On a second thought the evaluation of limit of expression $(1)$ can be greatly simplified (and one can also use L'Hospital's Rule) after some manipulation. Barring the constant factor $e^{e+1} $ the fraction in $(1)$ can be written as $$\frac{u-\log(1+u)}{u^2}\cdot\left(\frac{u}{x}\right)^2\tag{2}$$ where $$u=\frac{\log(1+x)-x}{x}\to 0$$ as $x\to 0$ and by L'Hospital's Rule the first fraction in $(2)$ tends to $1/2$ and $u/x\to - 1/2$ so that the expression in $(2)$ tends to $1/8$. Thus the complicated limit is handled using just a single application of L'Hospital's Rule. The same conclusion can be reached via Taylor series without any computation of coefficients.

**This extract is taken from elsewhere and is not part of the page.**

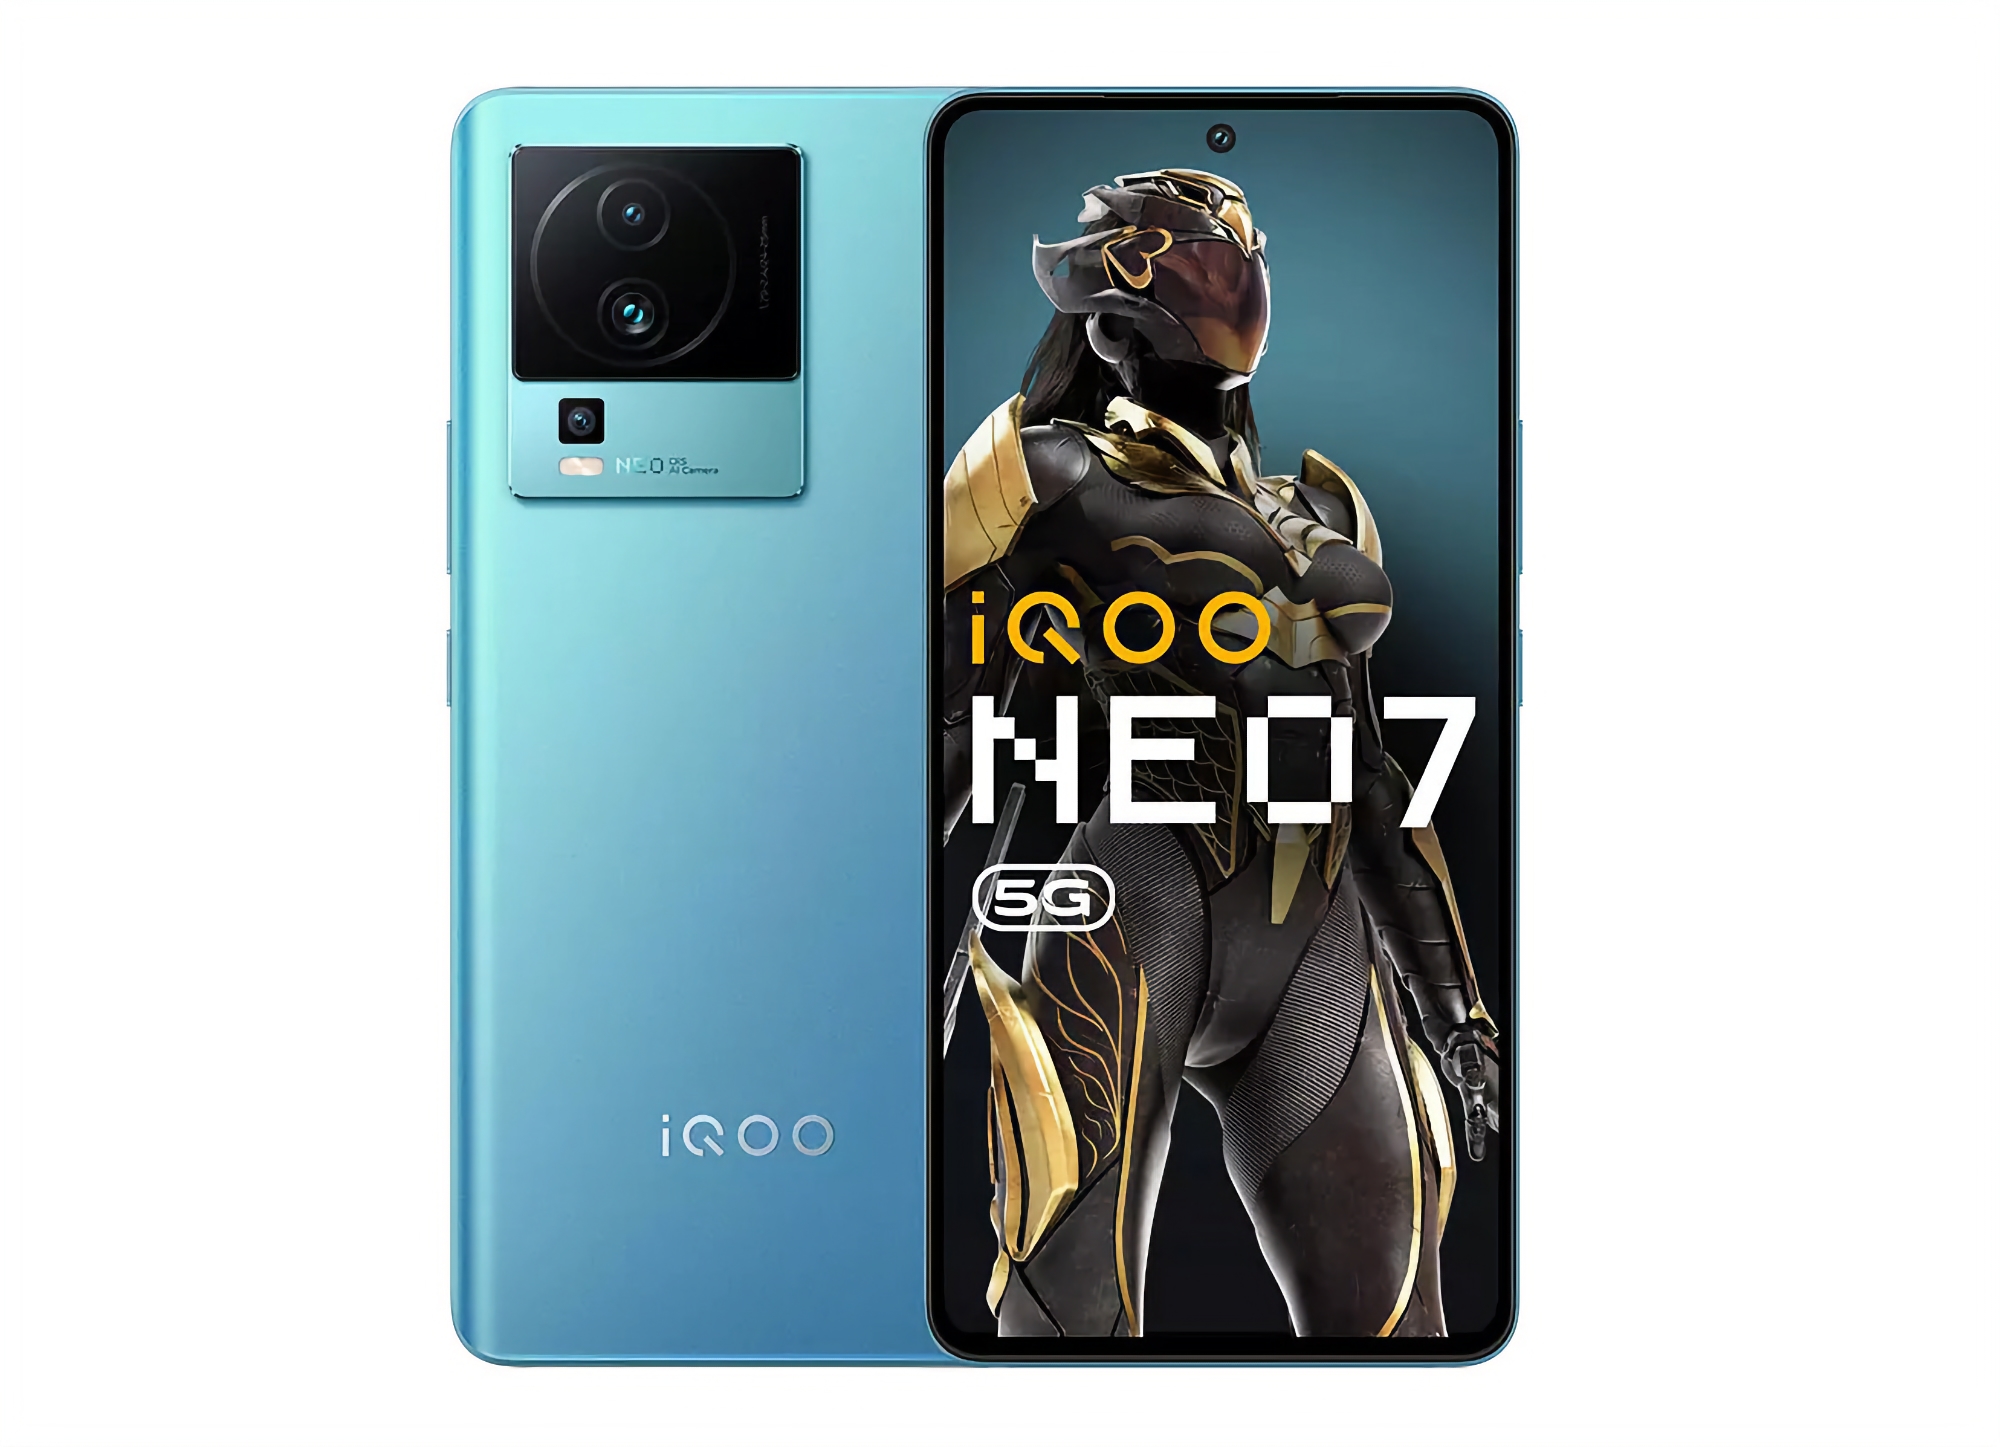 vivo enthüllt iQOO Neo 7: 120Hz OLED-Bildschirm, MediaTek Dimensity 8200 Chip und 120W Ladegerät für $362
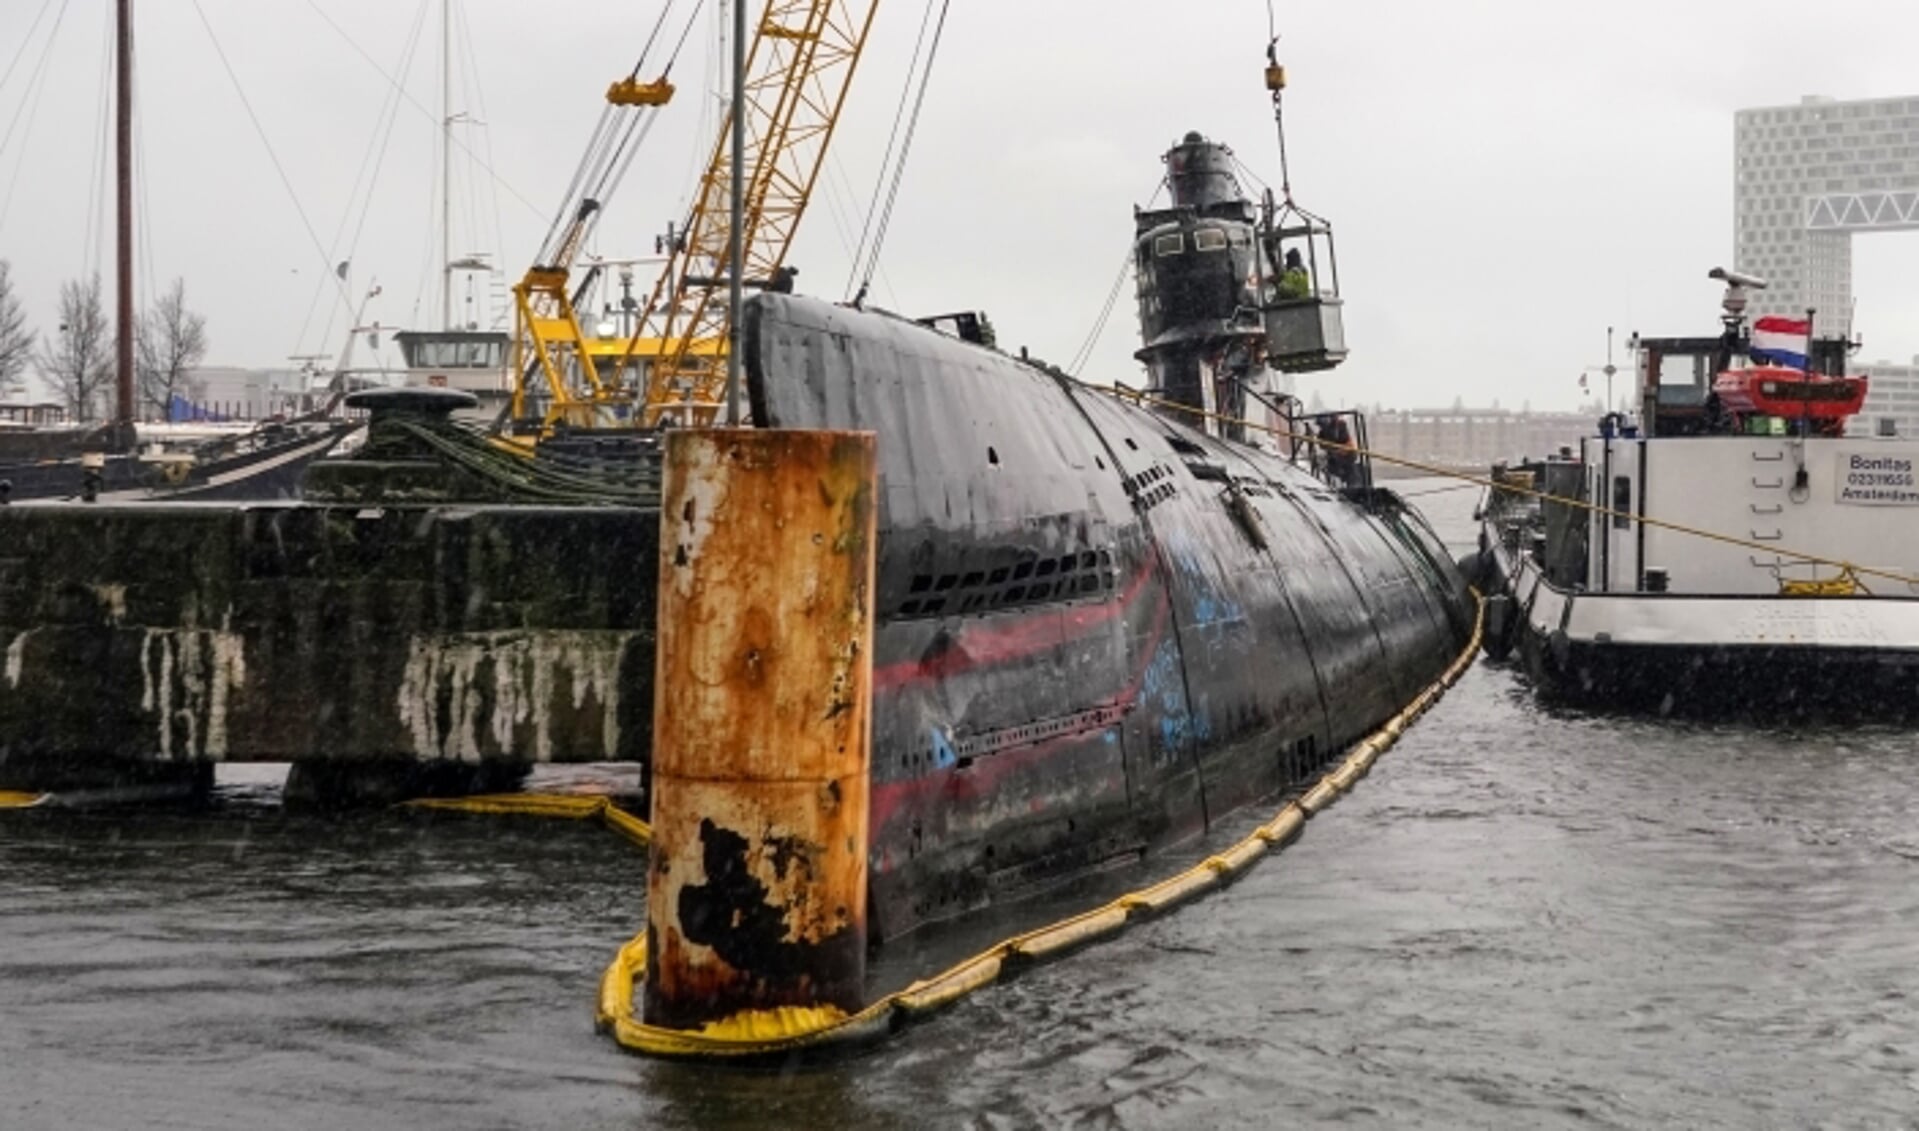 Onderzeeboot Foxtrot heeft definitief zijn plek bij het NDSM-werf verlaten.

You may approach $$\lim_{x\to 0}\frac{\exp\exp\frac{\log(x+1)}{x}-\exp\left(e\frac{\log(x+1)}{x}\right)}{x^2}$$ by composition of Maclaurin series. We have $$ \frac{\log(1+x)}{x}=1-\frac{x}{2}+\frac{x^2}{3}+O(x^3) $$ $$ \exp\left(\frac{\log(x+1)}{x}\right)=e-\frac{e}{2}x+\frac{11e}{24} x^2+O(x^3) $$ $$ \exp\left(e\frac{\log(x+1)}{x}\right)=e^e-\frac{1}{2}e^{e+1}x+\frac{1}{24}e^{e+1}(8+3e)x^2+O(x^3) $$ $$ \exp\exp\frac{\log(x+1)}{x}=e^e-\frac{1}{2}e^{e+1}x+\frac{1}{24}e^{e+1}(11+3e)x^2+O(x^3) $$ hence the wanted limit equals $\frac{1}{8}e^{e+1}$.